I was playing around with shell and how it acts when I change the standard filehandles in the calling program. Proc says:

$in, $out and $err are the three standard streams of the to-be-launched program, and default to "-", which means they inherit the stream from the parent process.

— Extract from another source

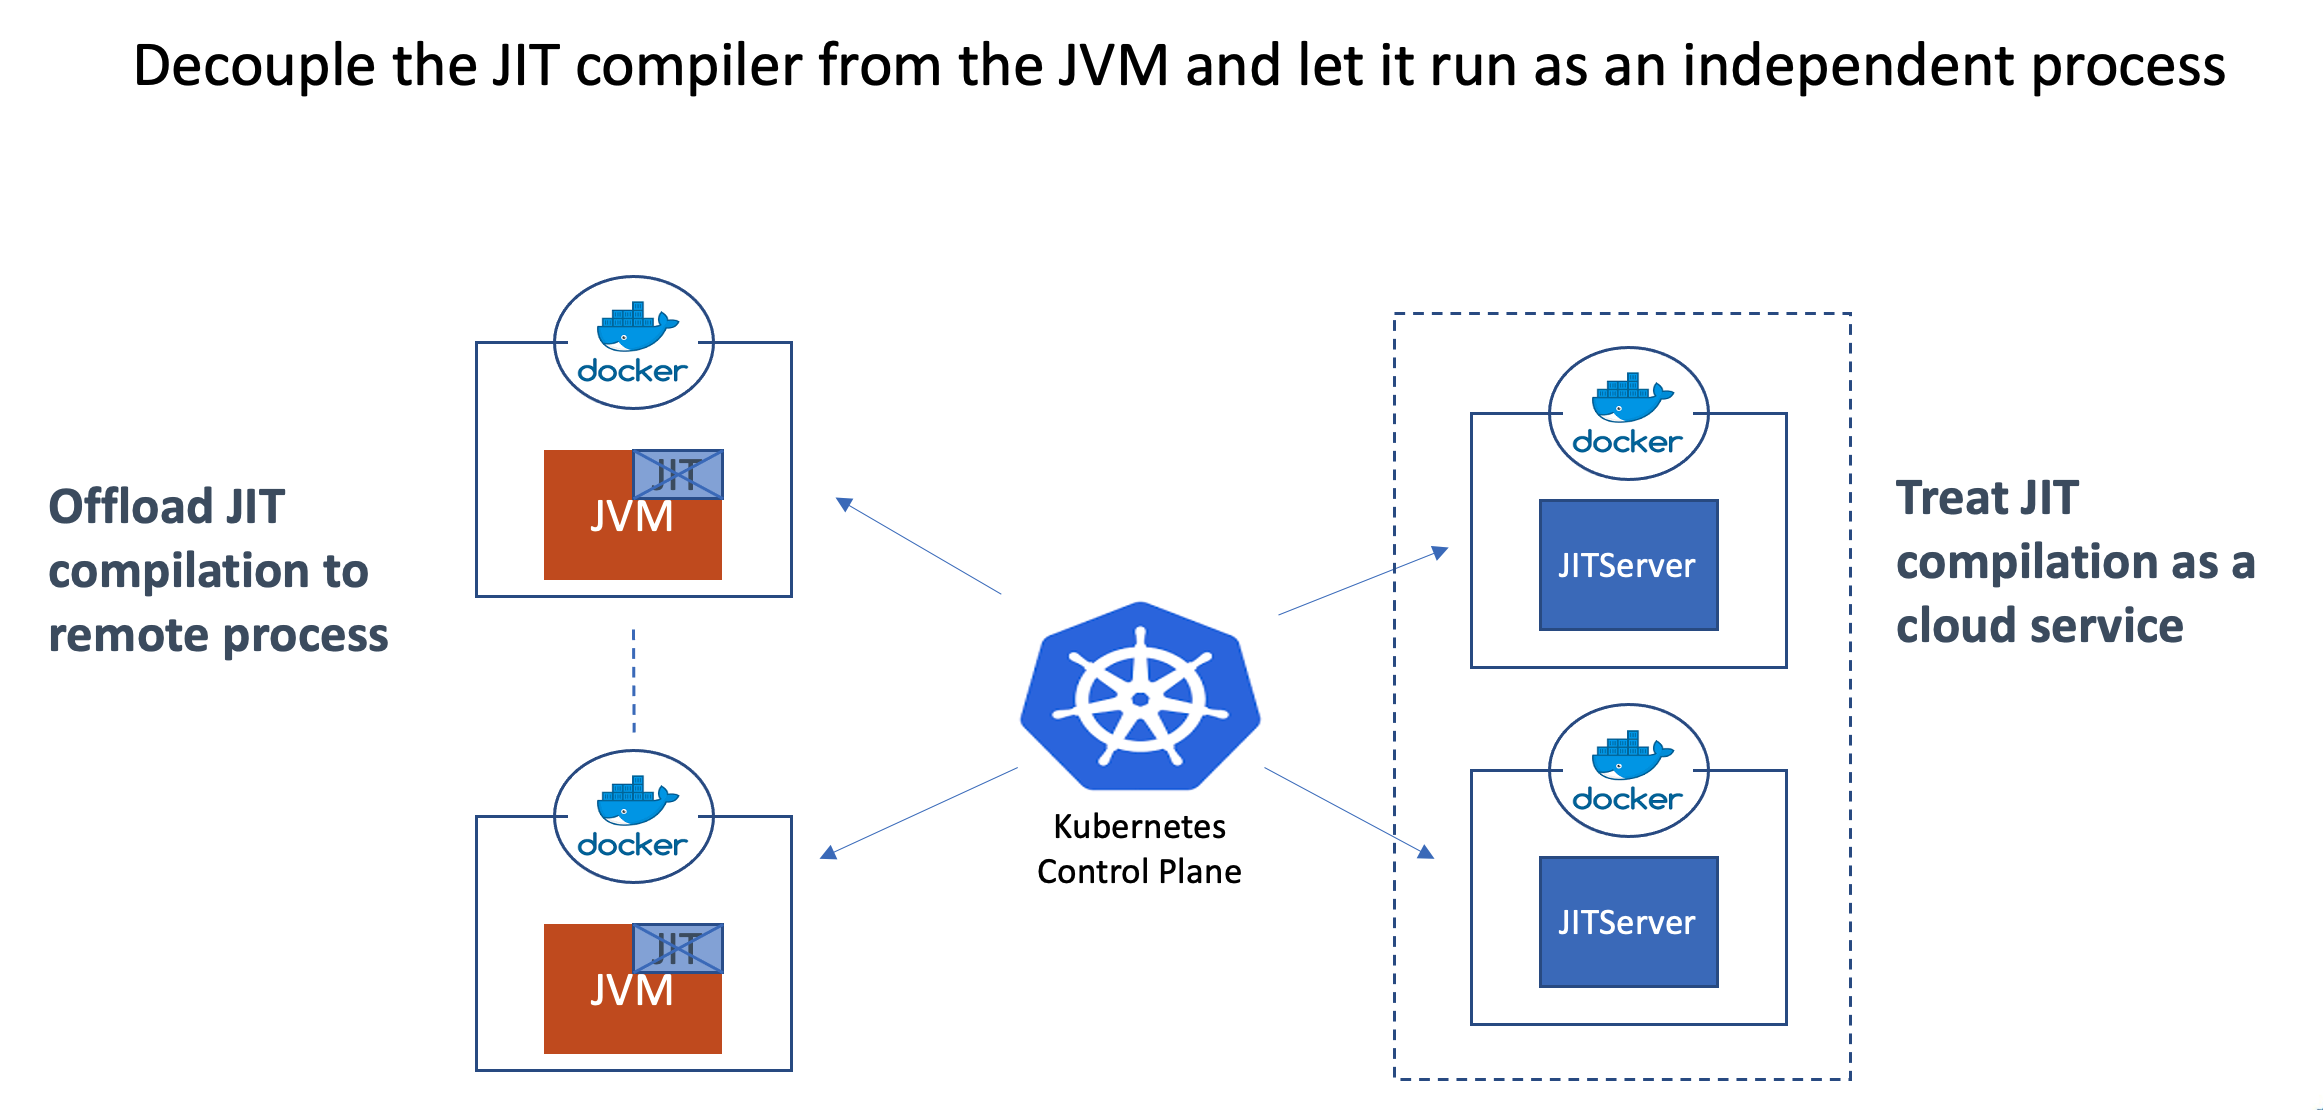 Diagram showing the decoupling of JIT compilation from the JVM to run as an independent process.

As far as I can tell, the external program doesn't use the same file handles:

#!/Applications/Rakudo/bin/perl6

#`(
    make an external Perl 6 program the outputs to standard handles
    )
my $p6-name = 'in-out.p6'.IO;
#END try $p6-name.unlink; # why does this cause it to fail?
my $p6-fh = open $p6-name, :w;
die "Could not open $p6-name" unless ?$p6-fh;
$p6-fh.put: Q:to/END/;
    #!/Applications/Rakudo/bin/perl6

    $*ERR.say( qq/\t$*PROGRAM: This goes to standard error/ );
    $*OUT.say( qq/\t$*PROGRAM: This goes to standard output/ );
    END
$p6-fh.close;
say $p6-name.e ?? 'File is there' !! 'File is not there';
die "$p6-name does not exist" unless $p6-name.e;

{
#`(
    Start with some messages to show that we can output to
    the standard filehandles.
    )
$*OUT.put: "1. standard output before doing anything weird";
$*ERR.put: "2. standard error before doing anything weird";
shell( "perl6 $p6-name" ).so;
}

{
#`(
    This block assigns a new filehandle to $*OUT and prints a
    message to it. I expect that message to not show up in the
    terminal.

    It then calls run-them to fire off the external process. It
    should inherit the same standard out and its standard out
    messages should not show up. But, they do.
    )
temp $*OUT = open '/dev/null', :w;
$*OUT.put: "3. temp redefine standard output before this message";
shell( "perl6 $p6-name" ).so;
}

$*OUT.put: "4. everything should be back to normal";

The output shows that when I open /dev/null and assign its filehandle to $*OUT, the output from the current program don't show up in terminal (there's no output starting with 3.). However, when I call shell, its standard output goes to the original standard output:

File is there
1. standard output before doing anything weird
2. standard error before doing anything weird
    in-out.p6: This goes to standard error
    in-out.p6: This goes to standard output
    in-out.p6: This goes to standard error
    in-out.p6: This goes to standard output
4. everything should be back to normal

I'm not worried about how to make this happen. I can create a Proc object and pass filehandles to it.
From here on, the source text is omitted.